**RECORDS SUPPLIED**
::::

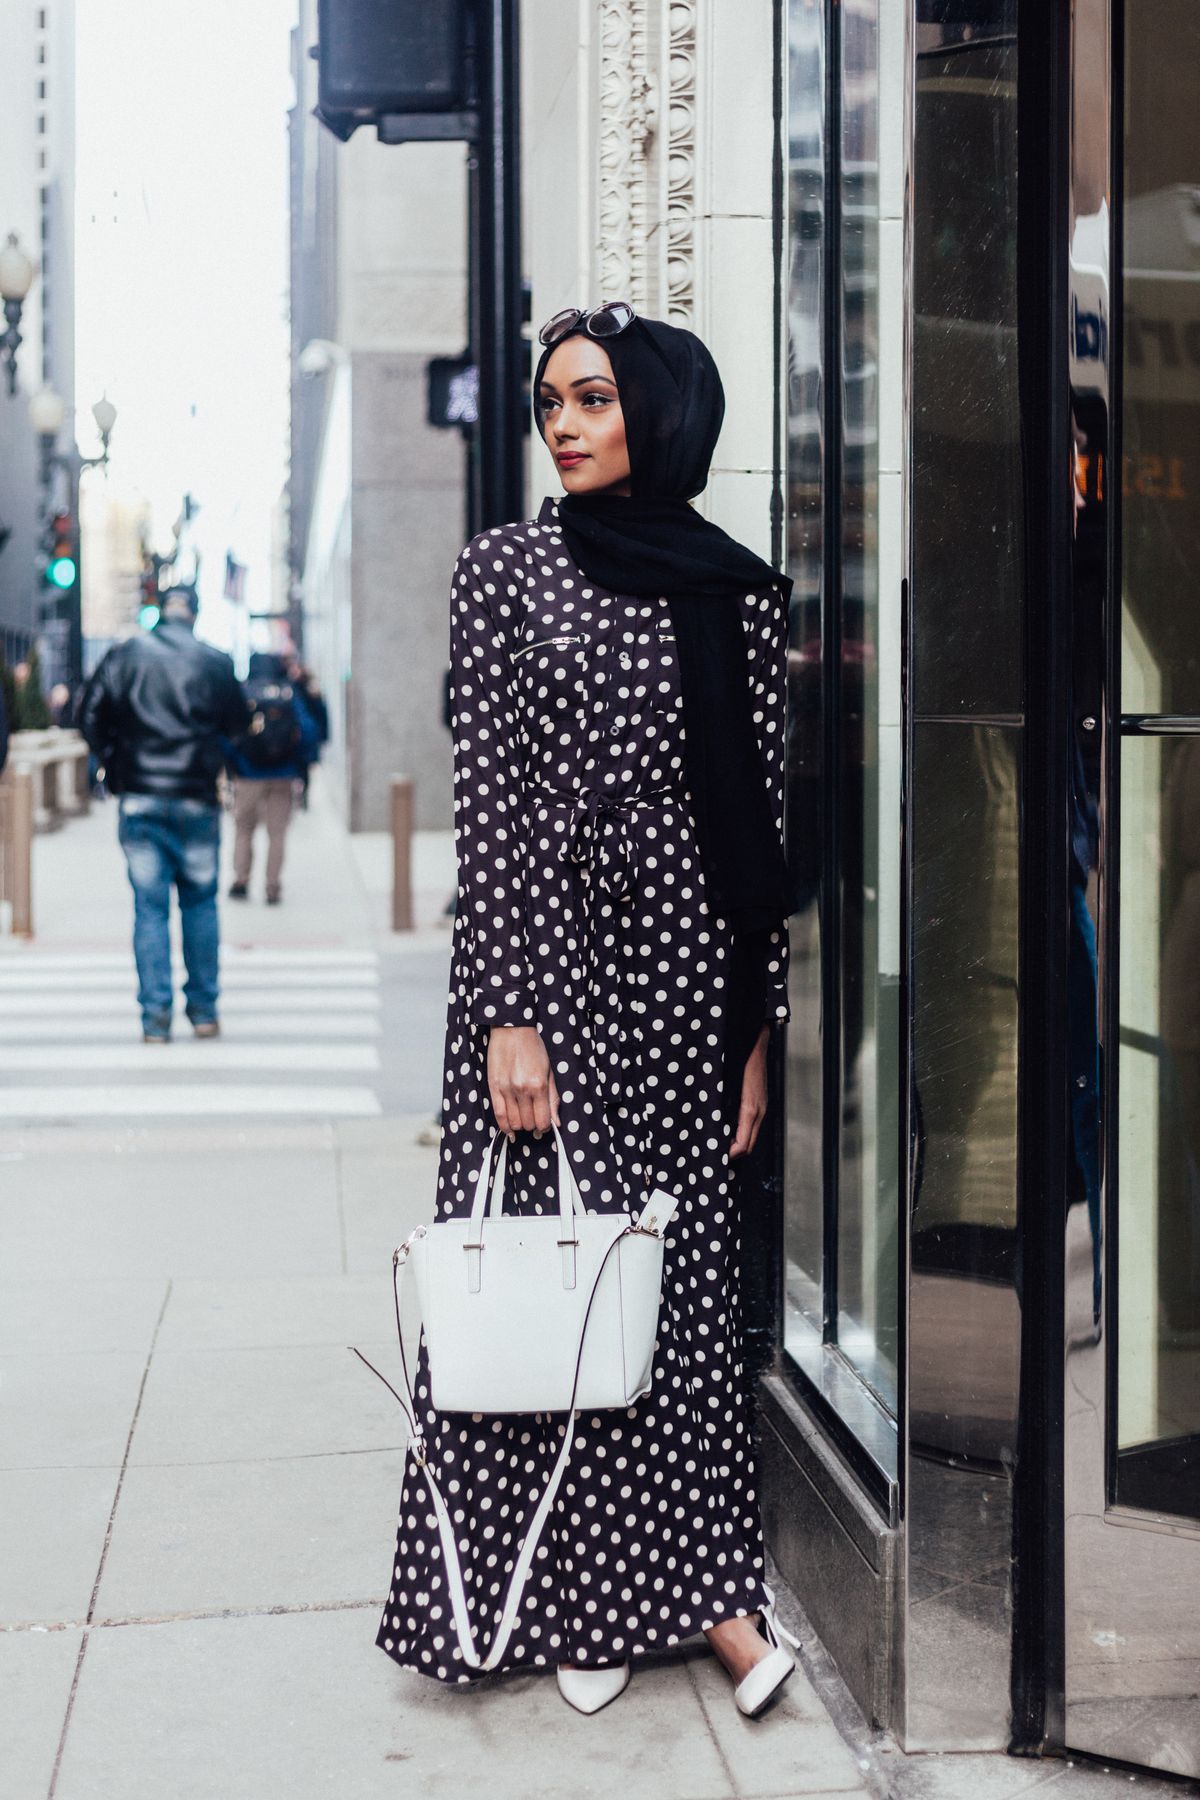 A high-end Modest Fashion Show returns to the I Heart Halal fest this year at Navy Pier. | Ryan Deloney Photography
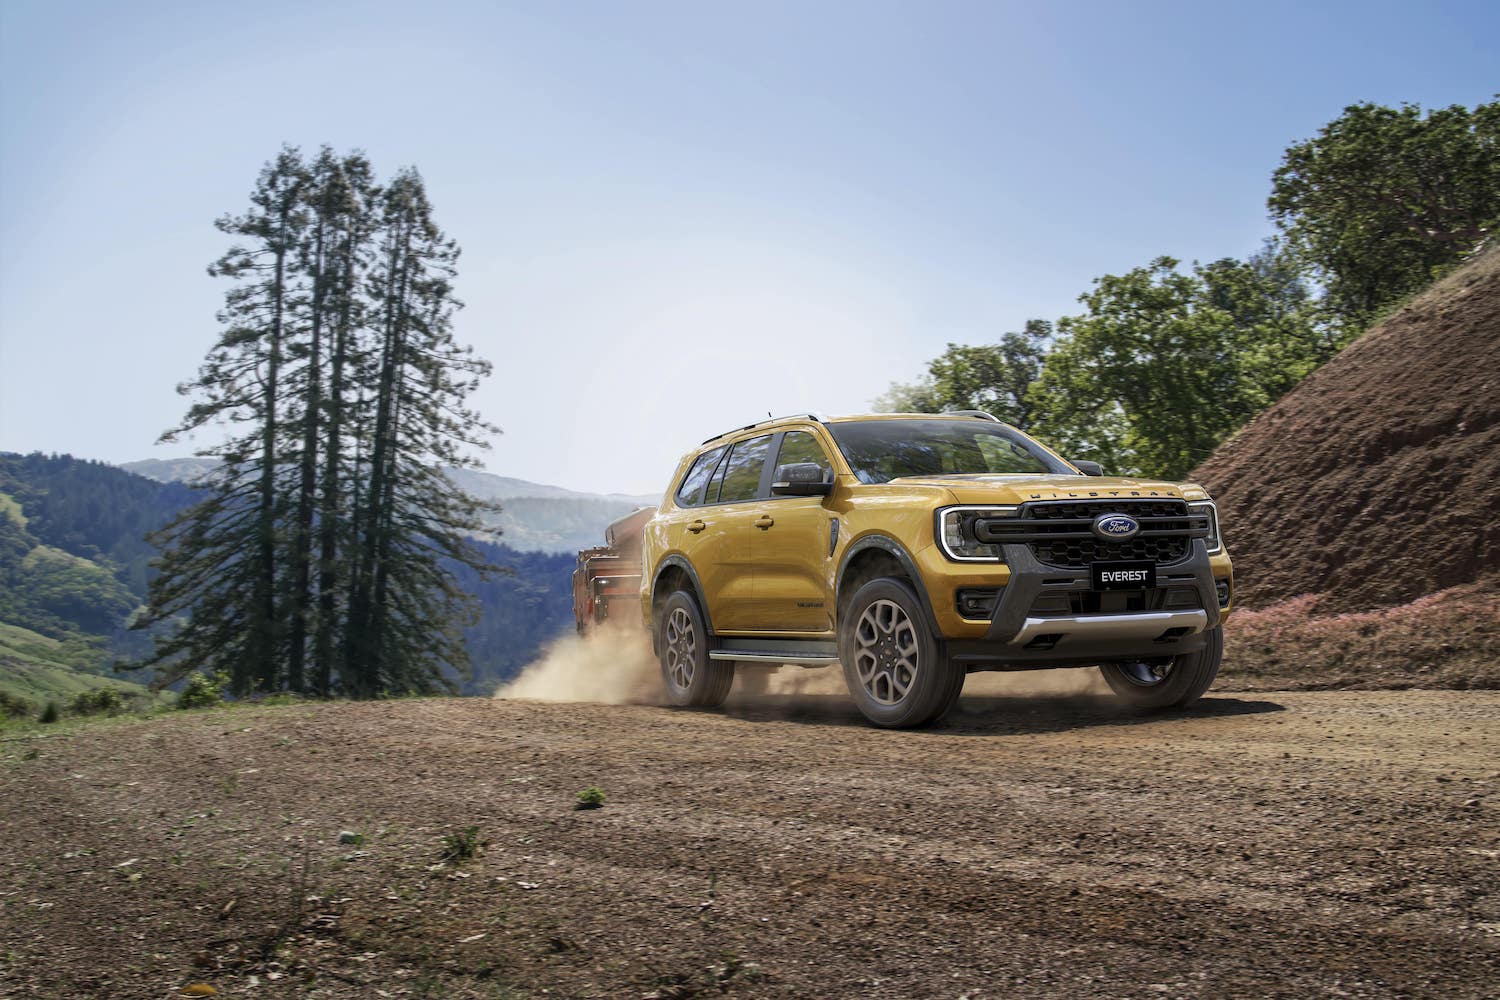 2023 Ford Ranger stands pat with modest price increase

::::

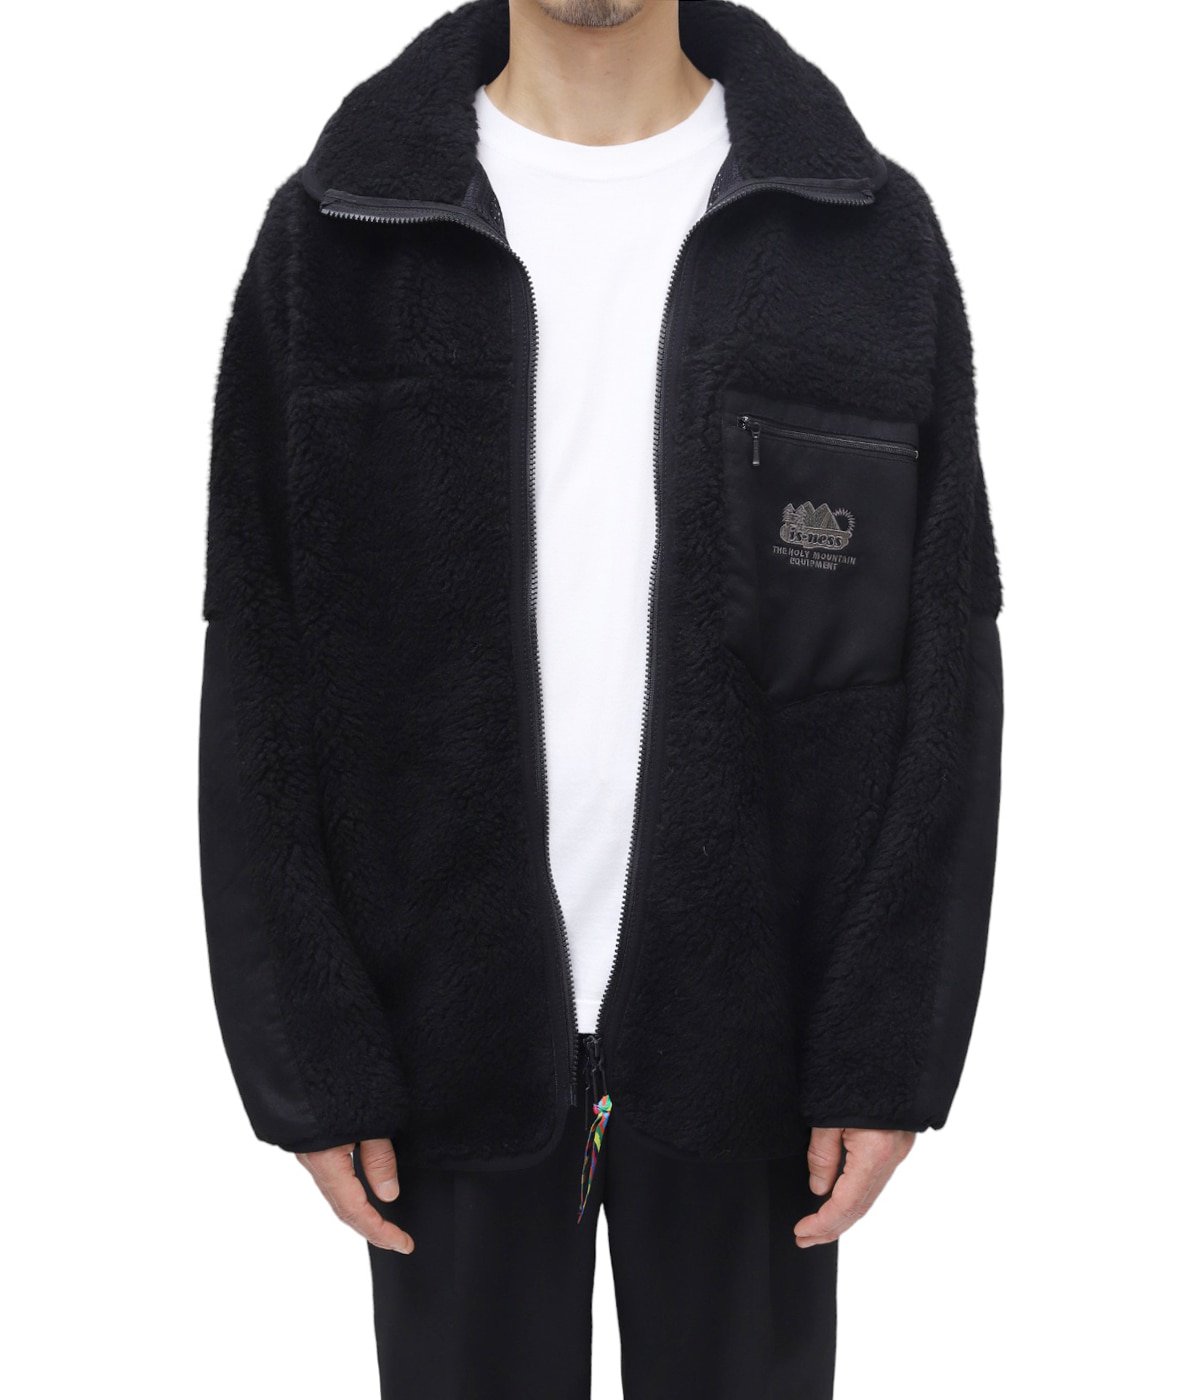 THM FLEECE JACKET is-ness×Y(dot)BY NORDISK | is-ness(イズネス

::::

**WHAT THE TASK REQUIRES**
Of the records above, print only the lines from the one containing "A high-end Modest" through the one containing "2023 Ford Ranger", inclusive and unaltered, leaving out pictures.

**TASK RESULT**
 A high-end Modest Fashion Show returns to the I Heart Halal fest this year at Navy Pier. | Ryan Deloney Photography
 2023 Ford Ranger stands pat with modest price increase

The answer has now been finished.